Da cosa si giudica un ristorante? Sicuramente dalla qualità dei piatti, da quanto un percorso di degustazione può risultare intrigante, ma sempre più spesso la capacità da parte del personale di sala d’accogliere i clienti è un parametro importante per valutare in maniera approfondita e accurata un locale. In molte delle principali guide gastronomiche però c’è anche un’altra valutazione, quella per la cantina: la numerosità delle etichette, la qualità dei vini, la profondità delle annate consentono a varie realtà ristorative di distinguersi.

Dal 1981 Wine Spectator assegna il riconoscimento “Grand Award” a chi raggiunge l’eccellenza per quel che concerne l’offerta vinicola, ma quest’anno a causa degli impedimenti legati all’emergenza sanitaria gli ispettori non hanno potuto censire in maniera diretta le cantine: la conseguenza di tale situazione è rappresentata dall’assenza di nuovi vincitori, ma ciò non ha impedito a 100 ristoranti di aggiudicarsi ancora una volta questo riconoscimento. Nella lista ci sono anche 6 insegne del nostro paese, nello specifico:

Antica Bottega del Vino – Verona, Italy – 2004

Tra i più antichi e prestigiosi locali storici italiani, la Bottega vanta una lunga storia che ha le sue radici nel XVI secolo quando era Osteria lo Scudo di Francia. Vini non solo italiani, ma anche dall’Europa e dal resto del mondo, che è possibile degustare in Bottega ma anche a casa acquistando le bottiglie in enoteca.

Enoteca Pinchiorri – Florence, Italy – 1984

Foto di Carlo Fico

Ristrutturata e rinnovata dopo l’incendio del 1992, la cantina del ristorante Tre stelle Michelin di Firenze può contare su 100.000 bottiglie con oltre 4.000 etichette, ed alcune vere e proprie gemme, come la n.1 del Tignanello del 1971 ed altri vini preziosi provenienti dalla Francia e dall’Italia, in particolare da Toscana e Piemonte.

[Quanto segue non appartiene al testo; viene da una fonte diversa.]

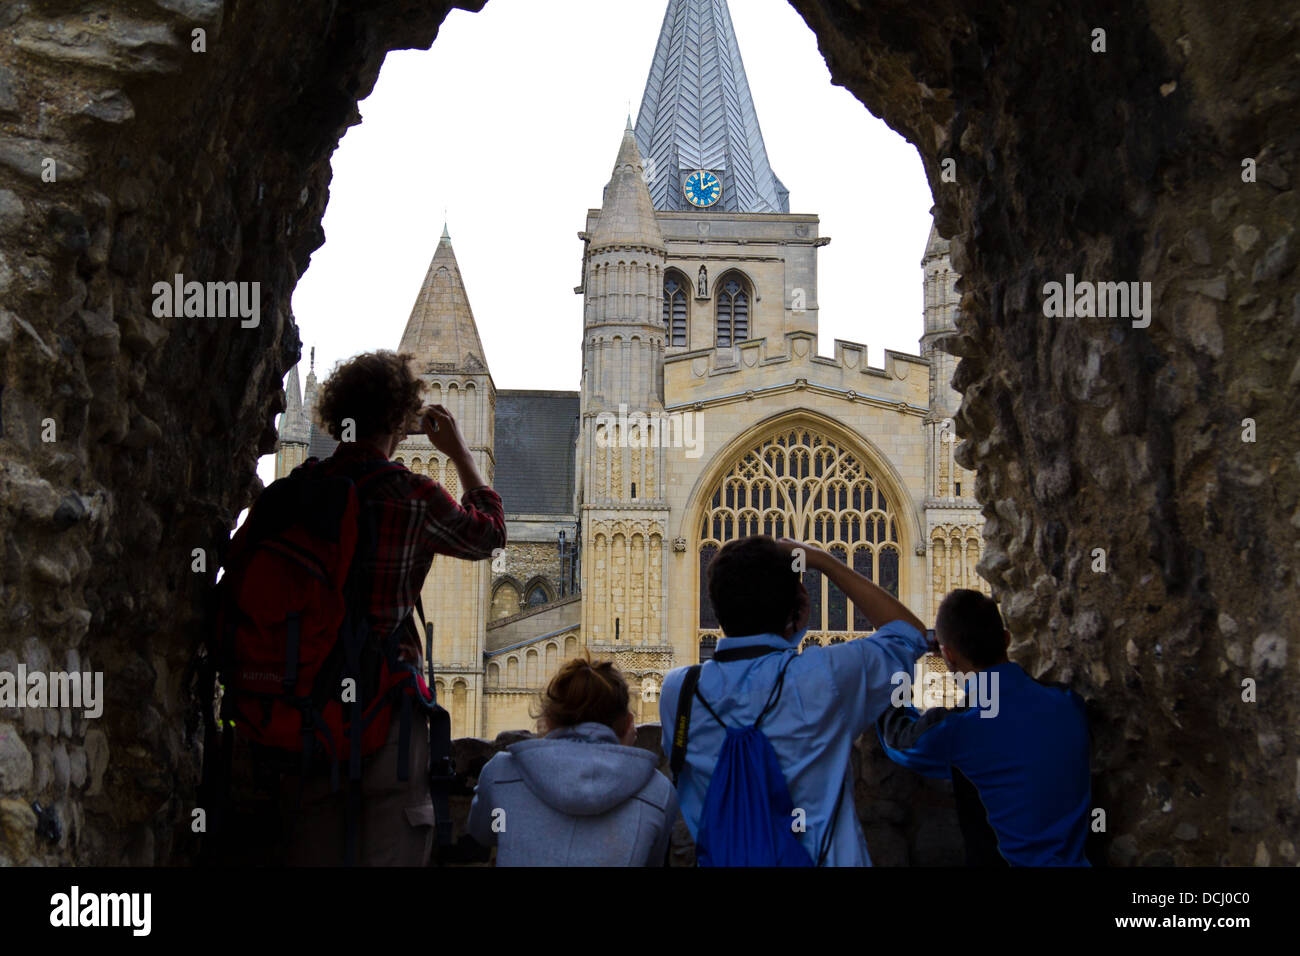 Image of  visitors photographing Rochester Cathedral through a window made in a stone wall on a grey summer day Stock Photo

Il Poeta Contadino – Alberobello, Italy – 1997

Dall’accurata ristrutturazione di una vecchia stalla è stato ricavato un bellissimo ambiente, un raffinato rustico in pietra viva suddiviso al suo interno in due ampie e confortevoli sale arredate in stile liberty. Il ristorante vanta tre cantine climatizzate naturalmente: all’interno di esse riposano circa 25.000 bottiglie con 3.300 etichette. Si va dai vini pugliesi a quelli del nuovo mondo con annate incredibili e introvabili.

La Ciau del Tornavento – Cuneo, Italy – 2013

Foto di Carlo Fico

Affacciato sui vigneti di Barbaresco sulle colline piemontesi, questo ristorante è figlio della passione dei suoi proprietari: ricavata nel tufo della collina, la cantina conserva più di 65.000 bottiglie di 450 produttori per un totale di circa 5.400 etichette da tutto il mondo. Un occhio di riguardo è stato riservato al territorio di casa, quello delle Langhe, di cui la cantina raccoglie un’ampissima selezione.

La Pergola – Rome – 2004

Il Tre stelle Michelin della capitale domina la città dall’alto grazie ad una meravigliosa terrazza. I piatti ideati e realizzati dallo chef Heinz Beck sono accompagnati dai vini presenti nella straordinaria cantina curata da Marco Reitano: tra le bottiglie meritano una menzione lo Chateau Lafite Rothschild del 1922 e il Pétrus del 1945, vere e proprie rarità, ma colpiscono anche le 34 etichette provenienti dalla prestigiosa cantina Gaja Barbaresco.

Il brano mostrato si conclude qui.